╭─ Input data
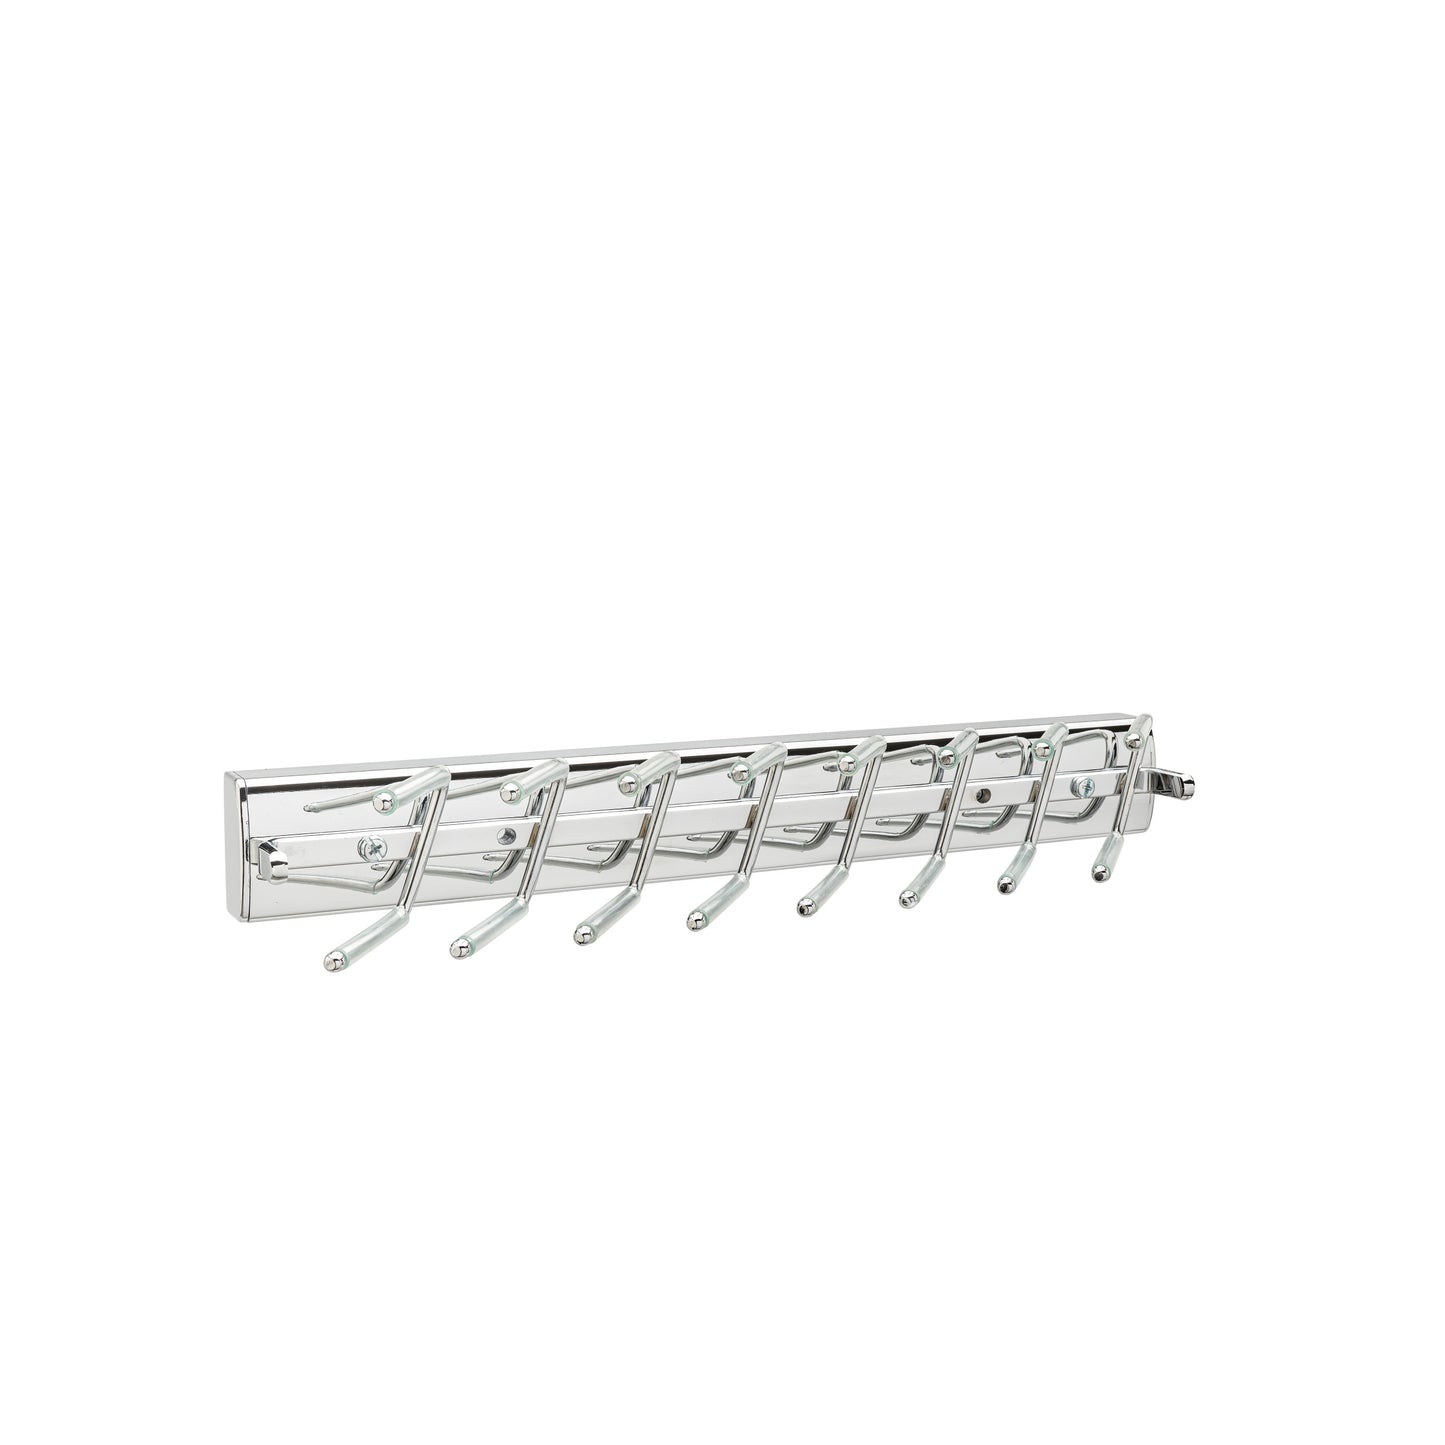 Sidelines / TRCPOSL-14-CR-1 / Deluxe Pop Out Tie Rack Custom Closet Systems
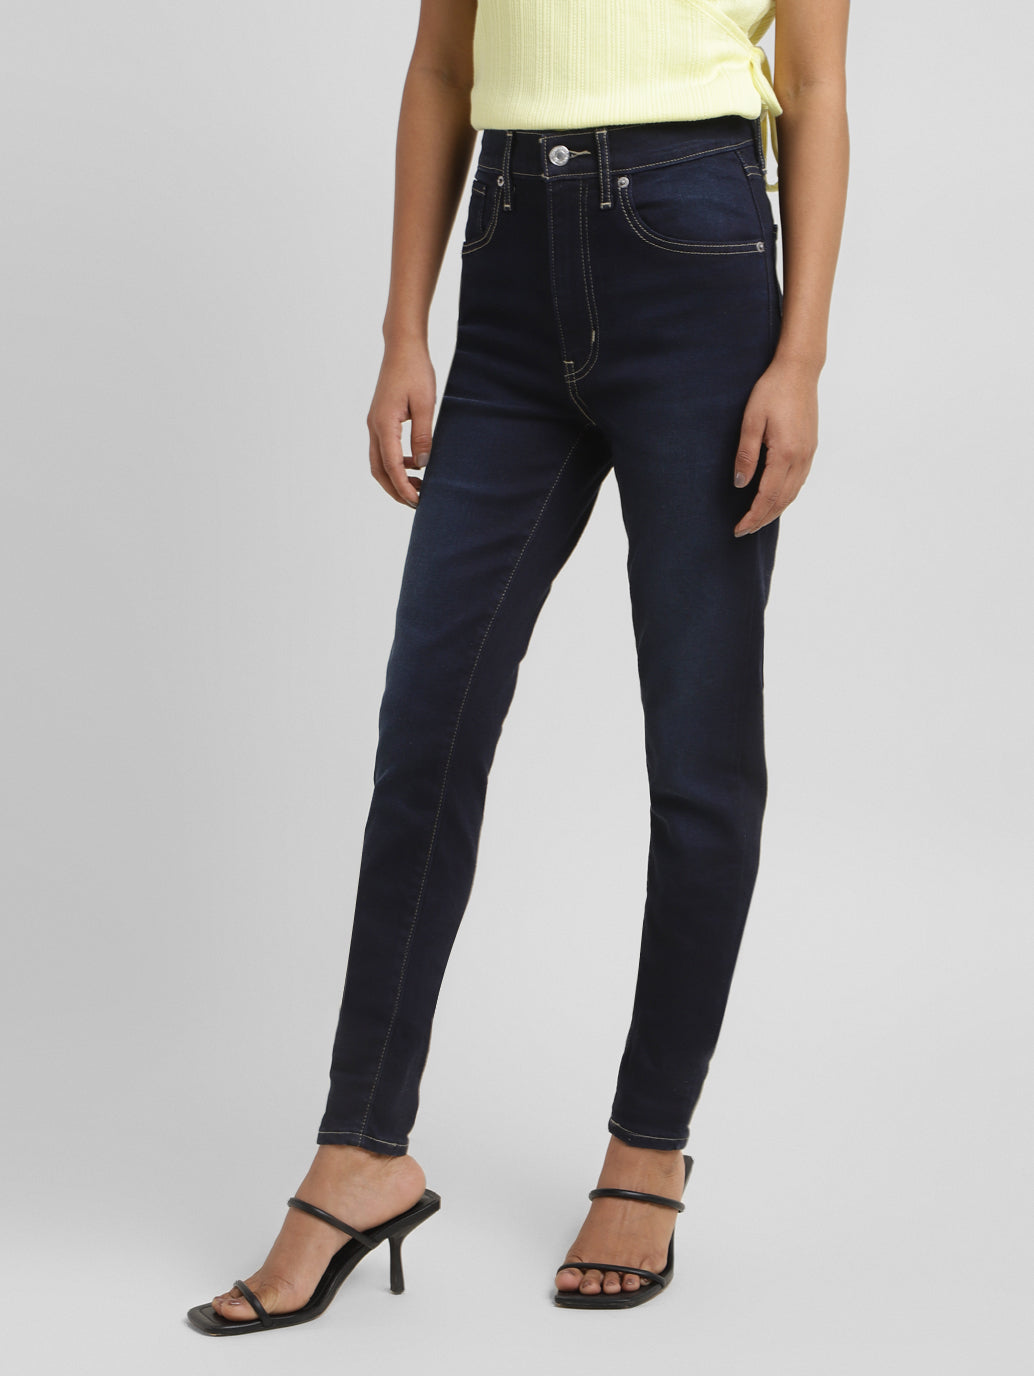 Women's High Rise Mile High Skinny Fit Jeans
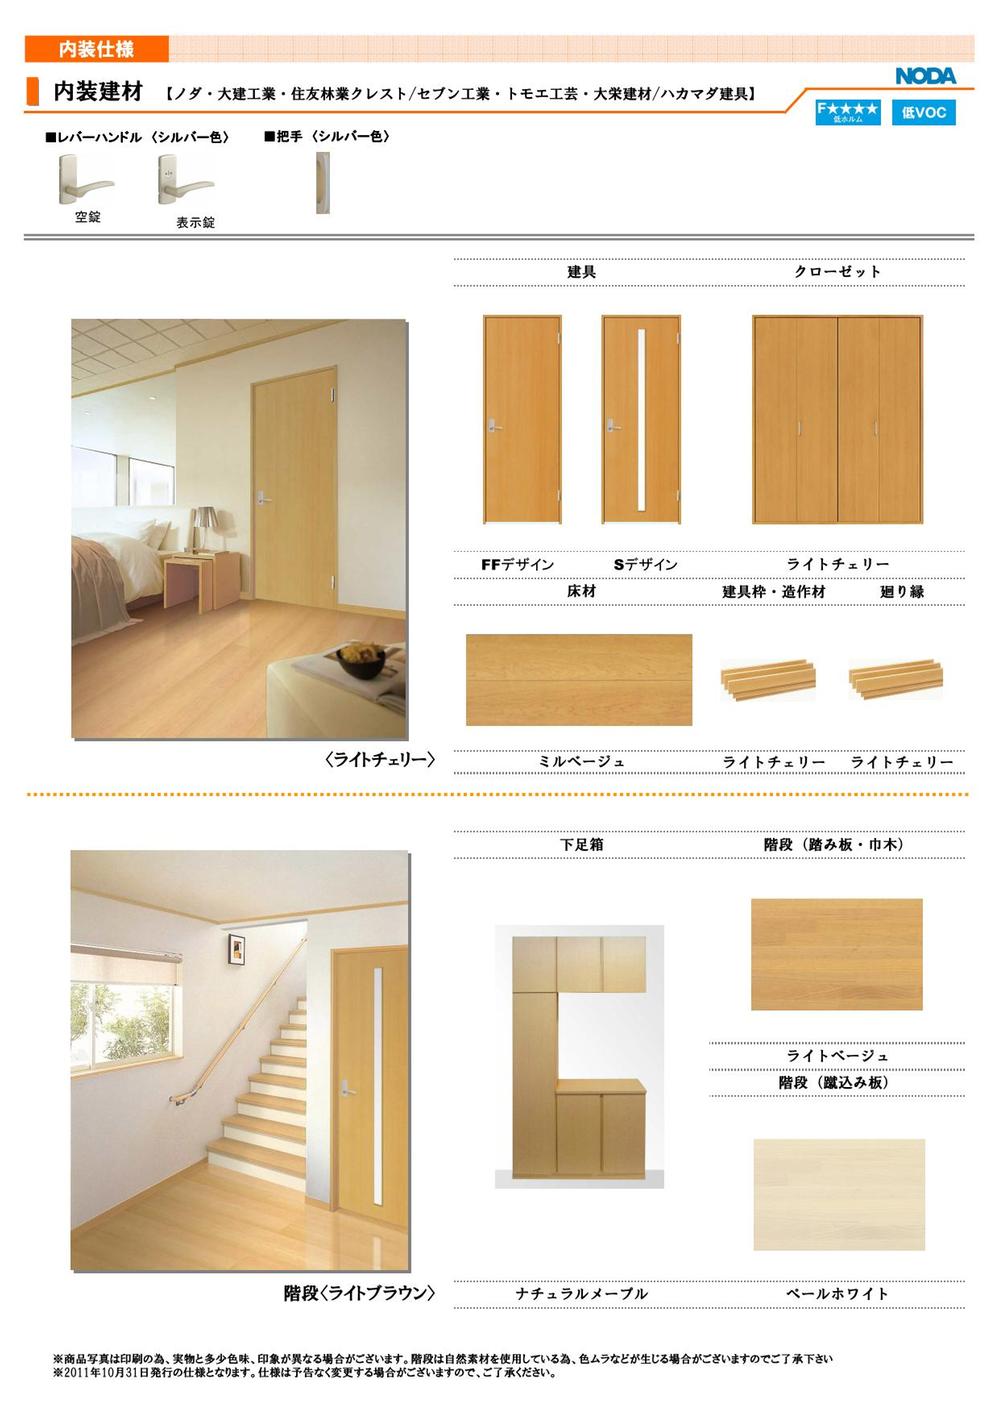 Construction ・ Construction method ・ specification. Room Natural shades. There will be a bright room. Building specifications brochure image
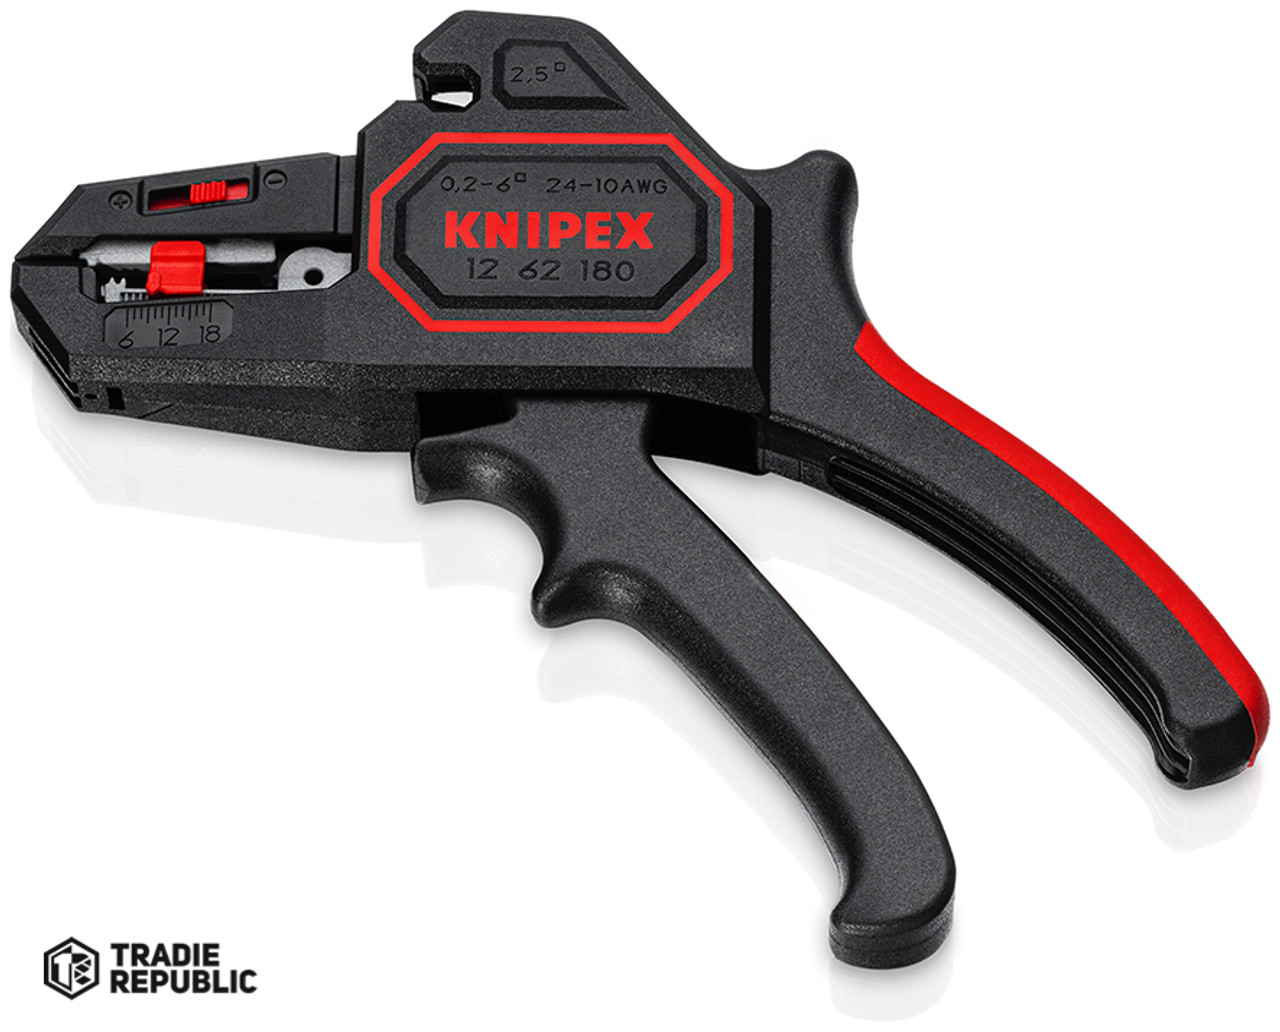 1262180 Knipex Automatic Insulation Stripper 180mm
╰─
▶ Work item: Reproduce exactly, and only, the lines that begin at the one containing "Construction ・ Construction" and end with the final line of the data, both included, while omitting every picture.

▶ Finished task:
 Construction ・ Construction method ・ specification. Room Natural shades. There will be a bright room. Building specifications brochure image
 1262180 Knipex Automatic Insulation Stripper 180mm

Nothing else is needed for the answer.